Check out the interview with Samir Amin on MRZine (http://mrzine.monthlyreview.org/2011/amin110811.html). He has some things to say that I agree with, and some not. No big surprise there.

The interview conducted by Hassane Zerrouky originally appeared in L’Humanité, the one-time CP newspaper.

I was of course pleased to hear Amin say “there is deep, spontaneous sympathy between young people and the parties of the radical Marxist Left, that is to say the parties that come from the socialist and communist tradition.” Now if there was only some way to unite these parties…

Amin describes Syria this way:

The Ba’ath regime, which enjoyed legitimacy for a long time, is no longer what it was at all: it has become more and more autocratic, increasingly a police state, and, at the same time, in substance, it has made a gigantic concession to economic liberalism. I don’t believe that this regime can transform itself into a democratic regime.

I have no way of knowing whether he reads MRZine (but am relatively confident that he reads Monthly Review), but I wonder what he would make of the fact that it circulates pro-Baathist propaganda on practically a daily basis.

I of course was very interested to hear what he has to say about Libya, another country that is seen alongside Syria as part of the “axis of good” by certain elements of the left. Amin would deny membership to Qaddafi in this axis, it would seem:

Neither side in Libya is better than the other. The president of the Transitional National Council (TNC) — Mustafa Abdel-Jalil — is a very curious democrat: he was the judge who sentenced Bulgarian nurses to death before being promoted to the Minister of Justice by Gaddafi. The TNC is a bloc of ultra-reactionary forces.

One wonders why someone as benign as Qaddafi would have promoted such an individual to run the Ministry of Justice. Maybe he was having an off day.

Amin also shoots down the idea that this was a war over oil: “As for the United States, it’s not oil that they are after — they already have that.” Exactly.

But in presenting an alternative analysis, Amin disappoints:

Their goal is to put Libya under their tutelage in order to establish Africom (US military command for Africa) — which is now based in Stuttgart in Germany, since the African countries, no matter what you think about them, have rejected their establishment in Africa — in the country.

Now I would be the first person to admit that I was wrong, especially if the person contradicting me was as esteemed as Samir Amin, but I can’t abide by this AFRICOM business.

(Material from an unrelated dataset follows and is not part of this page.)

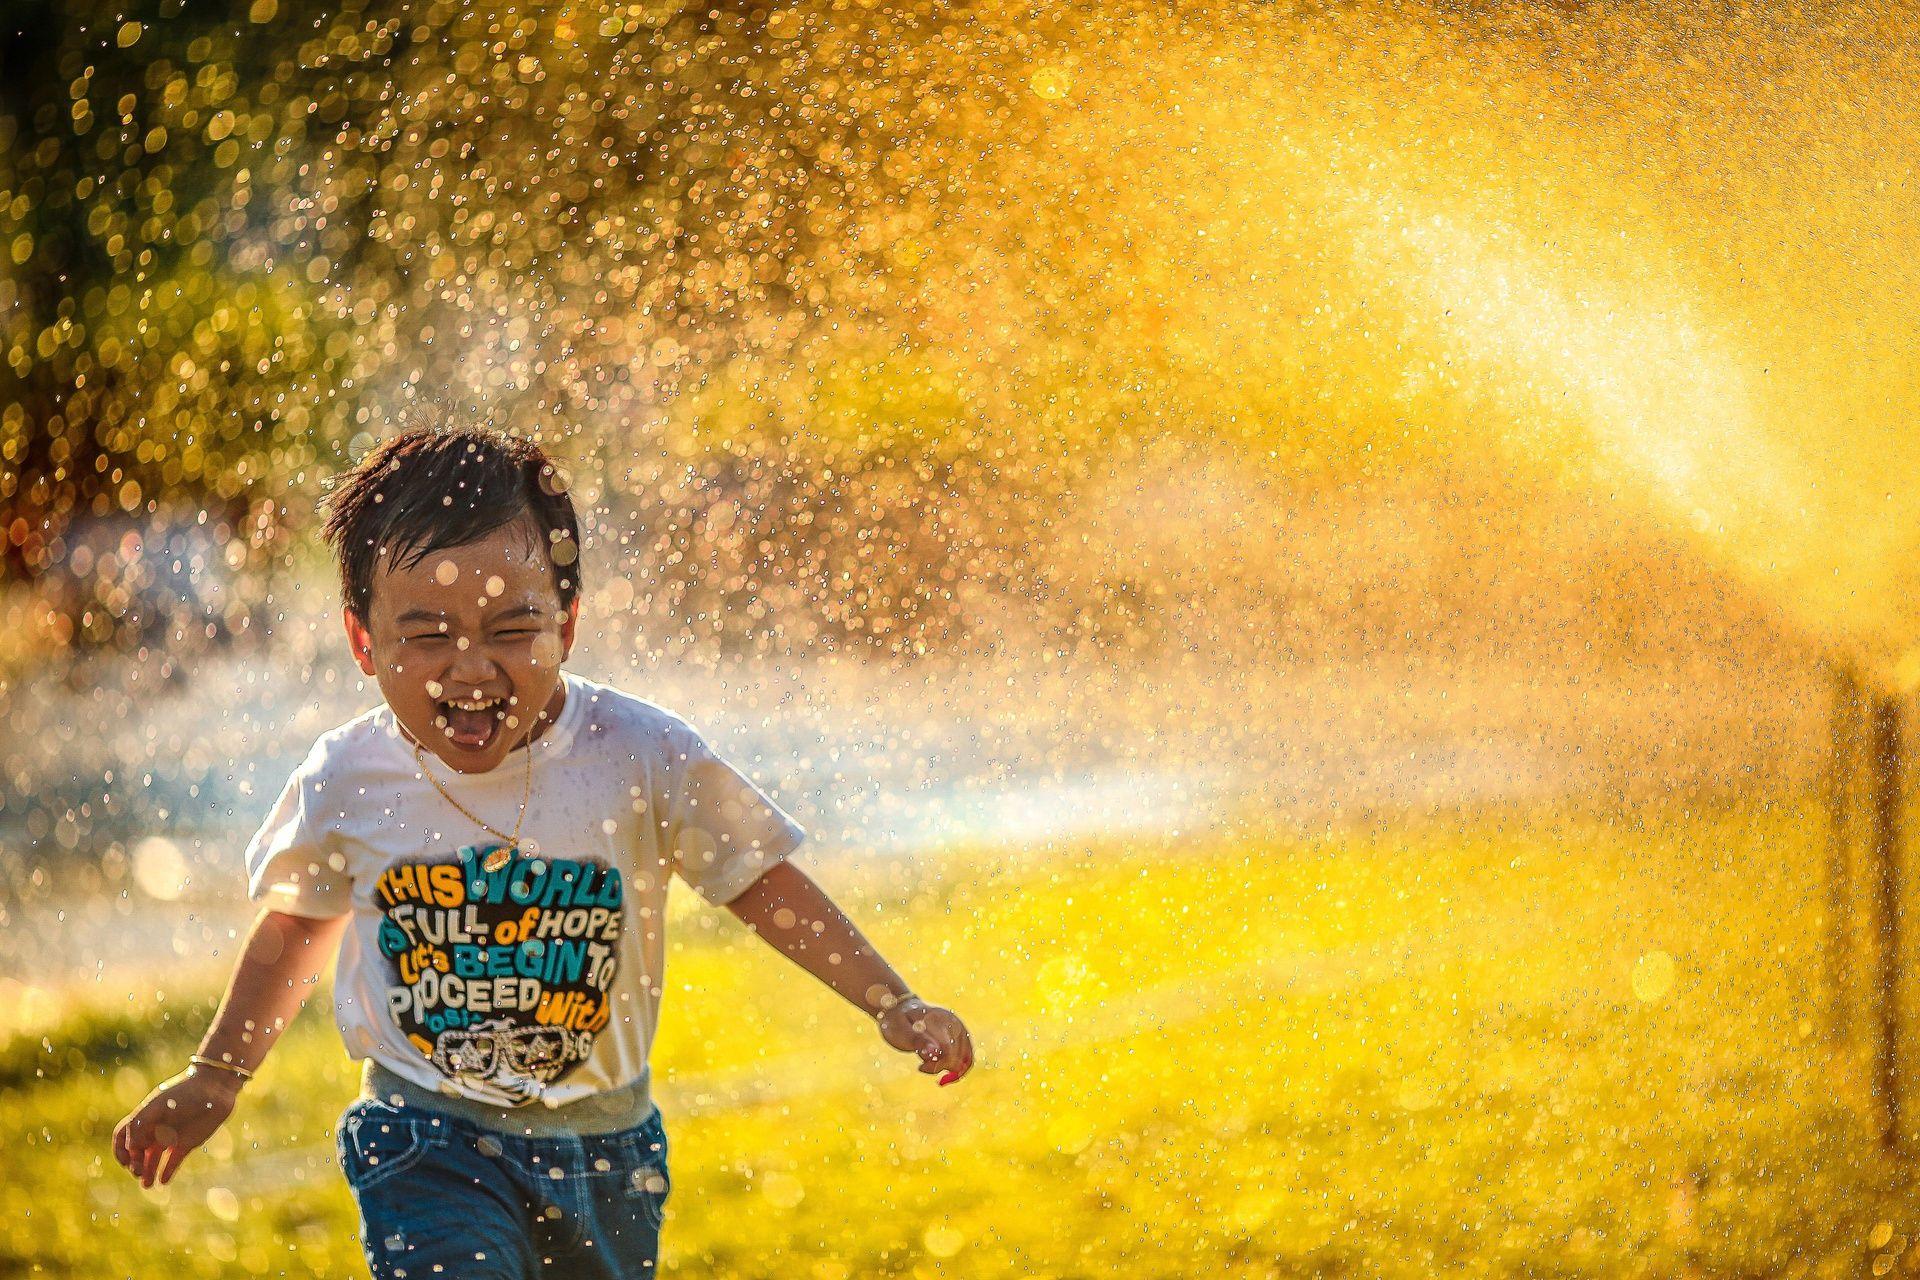 sites/74247825/boy water_he.jpg

Among the 57 varieties of ex post facto attempts to explain imperialist intervention in Libya, this one struck me as the most improbable. To be more exact, fictitious.

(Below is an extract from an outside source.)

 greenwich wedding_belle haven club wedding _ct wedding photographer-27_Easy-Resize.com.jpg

In a June 18th post titled “Was Libya attacked because of its attitude toward AFRICOM?” (http://louisproyect.wordpress.com/2011/06/18/was-libya-attacked-because-of-its-attitude-toward-africom/), I found no evidence for this. I alluded to an article from the AFRICOM website that stated:

STUTTGART, Germany,

Sep 28, 2009 — A delegation of three senior Libyan military officers visited U.S. Africa Command headquarters as part of an orientation program to explain the command’s mission, Sept. 21-24, 2009, as the two countries continue to build their military relationship.

The officers held meetings with senior staff members to discuss the command’s programs and activities, met General William E. ward and his two deputies, and traveled to Ramstein Air Base to meet Major General Ron Ladnier, the U.S. Air Force Africa commander, and his staff.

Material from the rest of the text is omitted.